Most patients with DLBCL can be treated with regular chemotherapy, although up to 40% do not benefit from standard chemotherapy [55]. A recent meta-analysis confirmed the safety and efficacy of immune checkpoint inhibitors in patients with non-Hodgkin lymphoma, suggesting that clinicians may use immune checkpoint inhibitor therapy as an adjunctive therapy [56]. Since DOT1L, IDH2, MCL1, PLK1, and BCL2 were positively correlated with the risk score, patients may benefit from the inhibition of these genes. Conversely, patients may not benefit from blocking CD47, MDM2, or ASXL1 expression. However, larger long-term follow-up trials are required to validate the safety and effectiveness of ICI treatment in patients with DLBCL.
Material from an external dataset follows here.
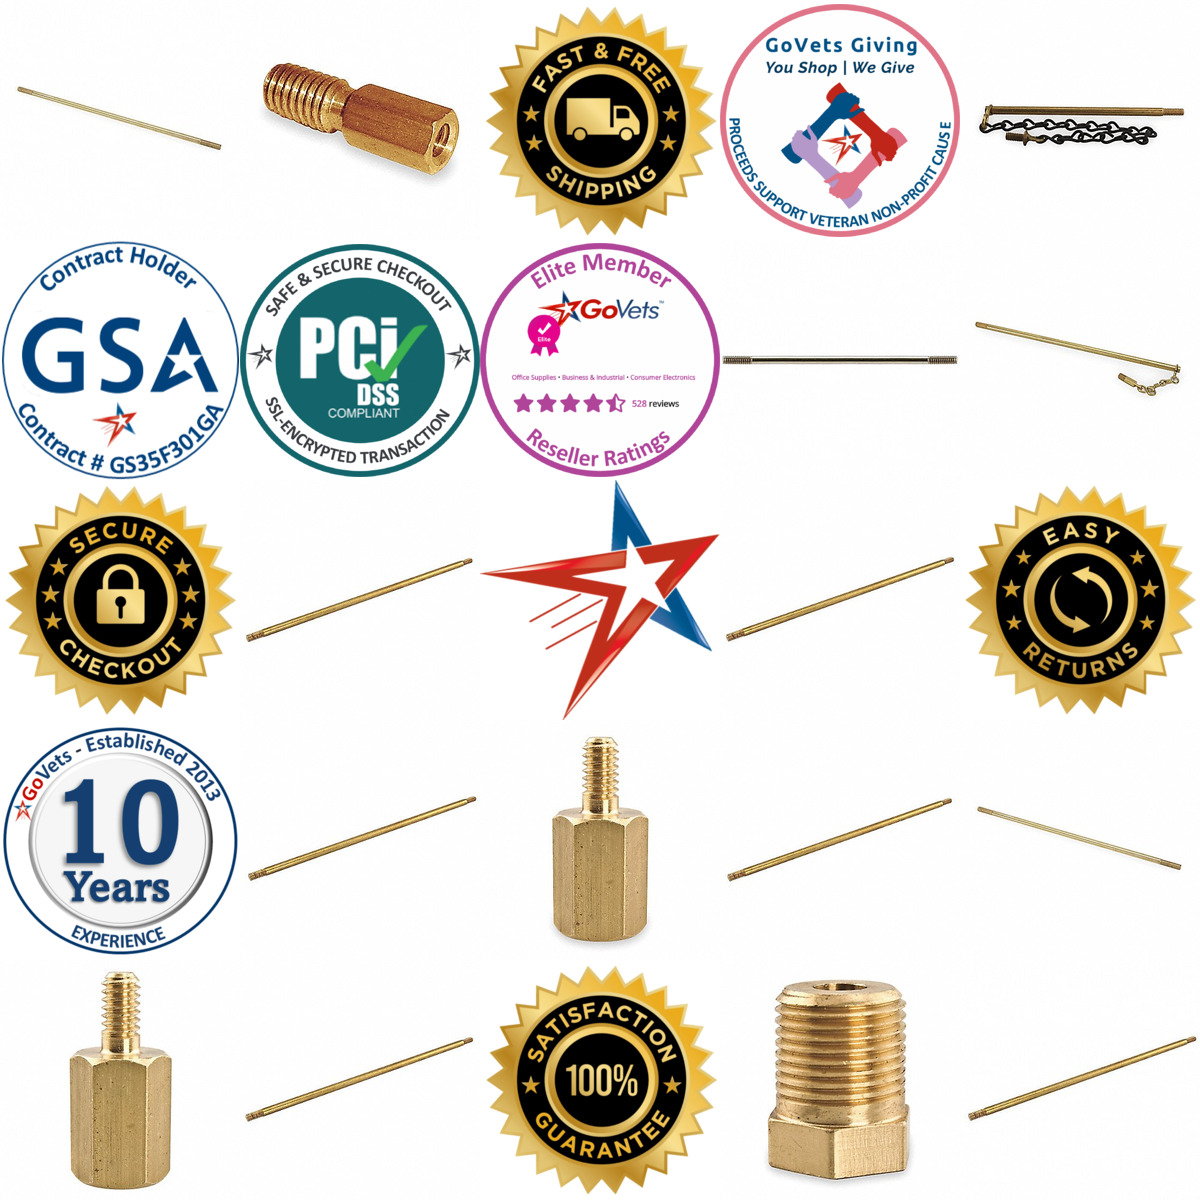 A selection of Float Rods Adapters and Nuzzle Assemblies products on GoVets

To prevent treatment resistance, it is urgent to identify targeted drugs for DLBCL. The DGIdb database contains 50 FDA-approved target medicines based on eight NRGs. Epoetin alfa acts as an erythropoietin (EPO) and is a growth factor produced in the kidneys that stimulates the production of red blood cells, decreases the number of PRBC transfusions, and does not appear to negatively impact remission duration [57, 58]. Considering the large number of target drugs for HIF1A, we utilized molecular docking to select the best candidates. Interestingly, axitinib and sorafenib showed the strongest binding to HIF1A via hydrogen bond formation. Due to the complexity of cellular signaling, several genes with low expression are also crucial in the development of cancer. In lung cancer, PTEN loss leads to the formation of an immunosuppressive microenvironment which offers resistance to anti-PD-1 therapy [59]. The expression of GPC5 decreased significantly in lung adenocarcinoma tissues, and the low expression of this gene was associated with poor outcomes in lung adenocarcinoma [60]. HIF1A was found to be highly expressed in the low-risk group in our study (p = 7e−12). Although the precise mechanism is still unknown, the difference in HIF1A expression between the high-risk and low-risk groups may be related to the two groups' different tumor immune microenvironments. Based on a clinical trial (NCT00071006), axitinib has been tested in patients with myelodysplastic syndromes, and the results showed that two patients with myelodysplastic syndromes had stable disease for 8.3 and 6.2 months, respectively [61]. This enlightens us on the potential efficacy of axitinib as an adjuvant treatment for DLBCL. We will conduct future studies on the specific efficacy of axitinib against HIF1A and explore its intrinsic mechanism.

Conclusions

We identified the NRGs associated with prognosis and developed an eight-gene prognostic model. The model provides a prognostic score that is independent of other factors. Additionally, we validated the robustness of the model using multiple methods and obtained satisfactory results. Our study not only analyzed the predictive performance of the risk model but also screened prospective treatment drugs.

Limitations

Our study has some limitations. First, the GEO provides only a limited amount of information on clinical features and may not include other clinical parameters. Second, the data were obtained from retrospective studies, which may have been influenced by selection bias. Prospective investigations are required to confirm our findings. Further research is needed to determine how these eight OS-related genes function in DLBCL.